I saw an approach written in C# that did the following:
Now, I could simply implement my deserializer to do the processing, as is described here. However, I'd like to try and implement an approach similar to that described above. I've gotten far enough to have discovered channels, and that the Deserializer and SeqAccess traits don't implement Send and therefore cannot safely be moved across threads.
I've tried a few configurations, similar to what's described here, but isn't quite the approach I'd like to take.
Here's some sample code:
// generator.rs
// This lets me replace `Vec<T>` with `ChannelGenerator<T>`
// and treat it the same, except `next()` is pulling
// a T obj off the channel, rather than from the whole Vec in memory
pub struct ChannelGenerator<T> {
pub(crate) receiver: Receiver<T>,
}
impl<'f, T> Iterator for ChannelGenerator<T> {
type Item = T;
fn next(&mut self) -> Option<Self::Item> {
let res = self.receiver.recv();
res.map_or(None, |i| Some(i))
}
}
// struct.rs
#[derive(Deserialize)]
pub struct File {
pub a: String,
pub b: String,
#[serde(deserialize_with = "deserialize_to_channel")]
pub items: ChannelGenerator<Item>,
}
use std::{
fmt,
marker::PhantomData,
sync::mpsc::{sync_channel, Receiver, SyncSender},
thread,
};
use serde::{
de::{SeqAccess, Visitor},
Deserialize, Deserializer,
};
use crate::sync_array_serde::generator::ChannelGenerator;
pub struct ChannelVisitor<T> {
pub sender: SyncSender<T>,
pub f: PhantomData<fn() -> T>,
}
impl<'de, T> Visitor<'de> for ChannelVisitor<T>
where
T: Deserialize<'de> + Send,
{
type Value = ();
fn expecting(&self, formatter: &mut fmt::Formatter) -> fmt::Result {
formatter.write_str("an array of objects of type T")
}
fn visit_seq<S>(self, mut seq: S) -> Result<Self::Value, S::Error>
where
S: SeqAccess<'de>,
{
while let Some(n) = seq.next_element::<T>()? {
if self.sender.send(n).is_err() {
break;
}
}
Ok(())
}
}
// An implementation of a serde deserializer that returns a channel receiver immediately,
// and in a background thread starts deserializing objects and sending them to a channel,
// up to a max amount of memory.
// The deserialized struct then has a ChannelGenerator, which iterates by receiving items from the channel.

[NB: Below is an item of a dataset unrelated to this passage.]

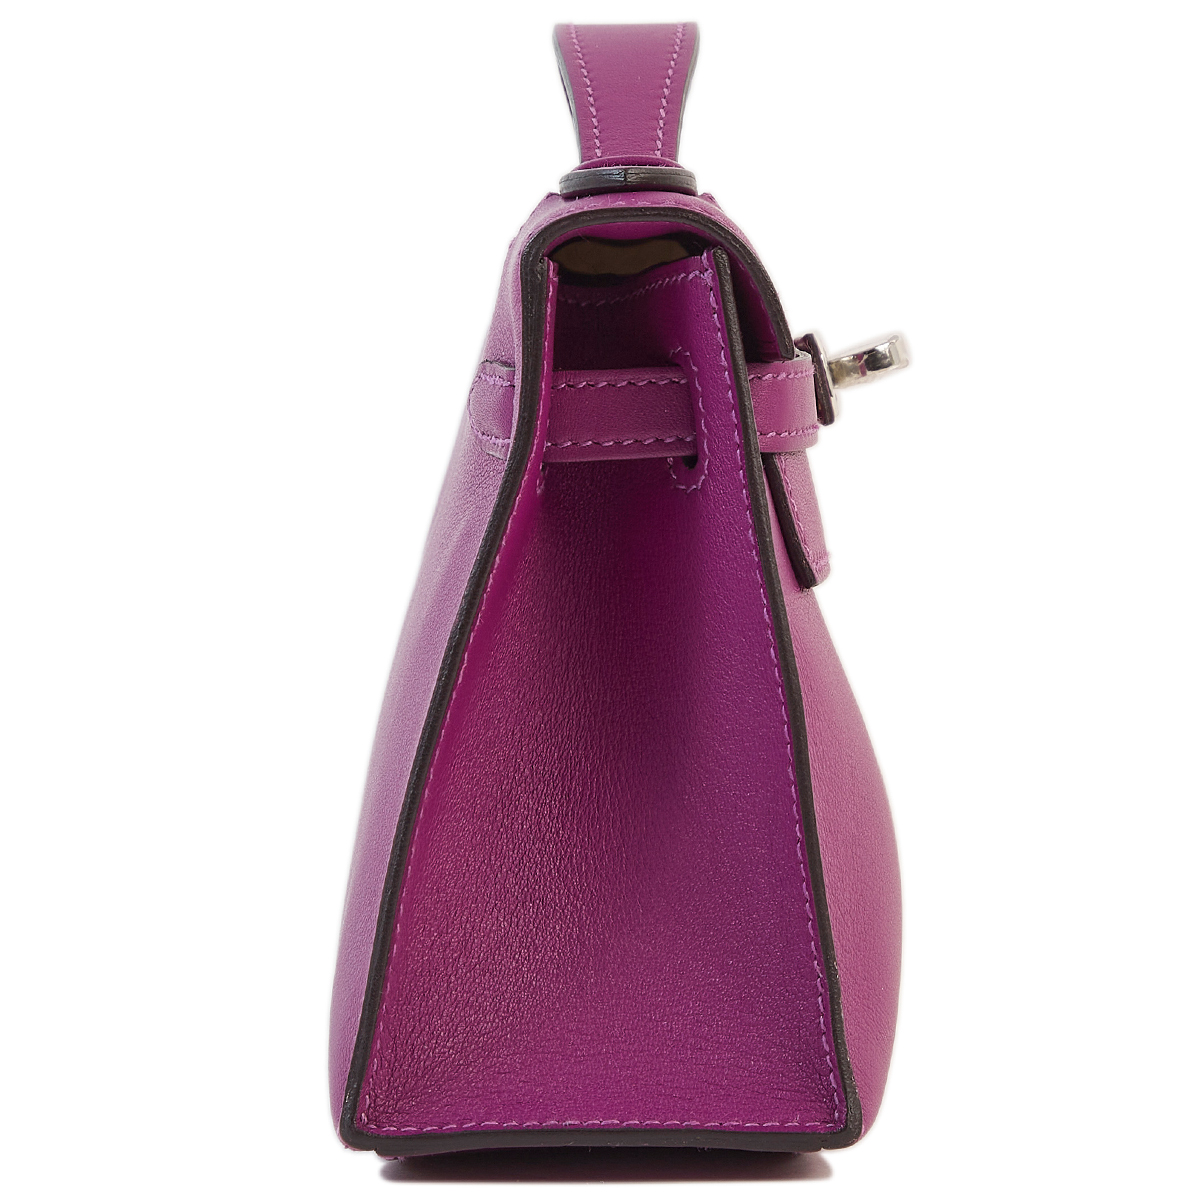 Sold at Auction: Hermes Kelly Handbag Anemone Swift with Palladium Hardware 25  Purple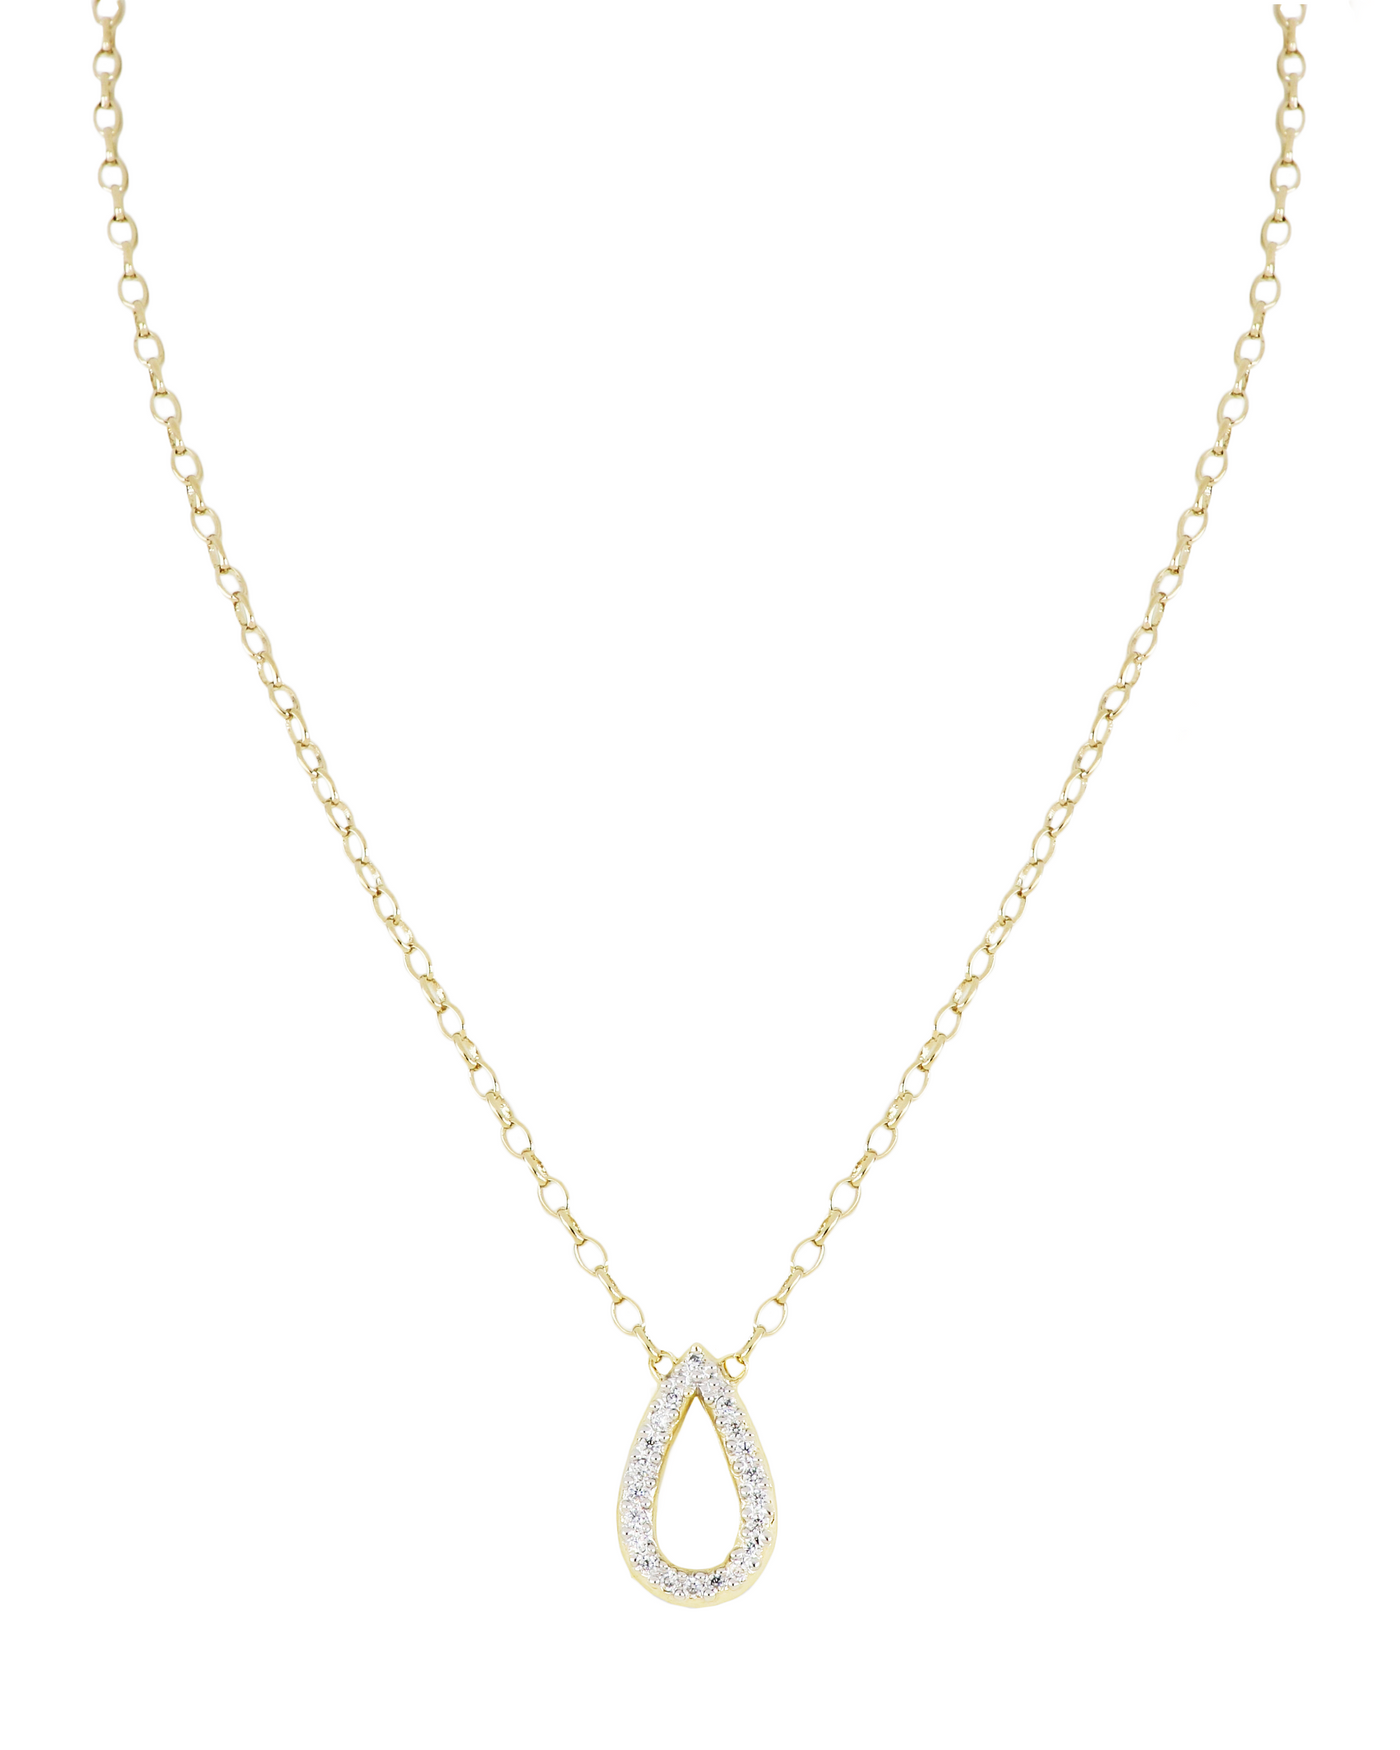 Aldrava Collection - Teardrop Pavé Necklace in Gold

pub fn deserialize_to_channel<'de, T, D>(deserializer: D) -> Result<ChannelGenerator<T>, D::Error>
where
T: Deserialize<'de> + Send,
D: Deserializer<'de>,
{
let (sender, receiver) = sync_channel::<T>(0);
// compiler error here about not being able to move D into a thread safely
thread::spawn(move || {
let visitor = ChannelVisitor {
sender,
f: PhantomData,
};
deserializer.deserialize_seq(visitor).unwrap();
})
.join()
.unwrap();
Ok(ChannelGenerator { receiver })
}
The problem I'm at now, is
D: Deserializercannot be sent between threads safely
I've tried spawning the thread inside of visit_seq, but I get a similar issue with S: SeqAccess, since neither implement the Send trait, and I can't introduce it since that would make my implementation more restrictive than the Visitor trait.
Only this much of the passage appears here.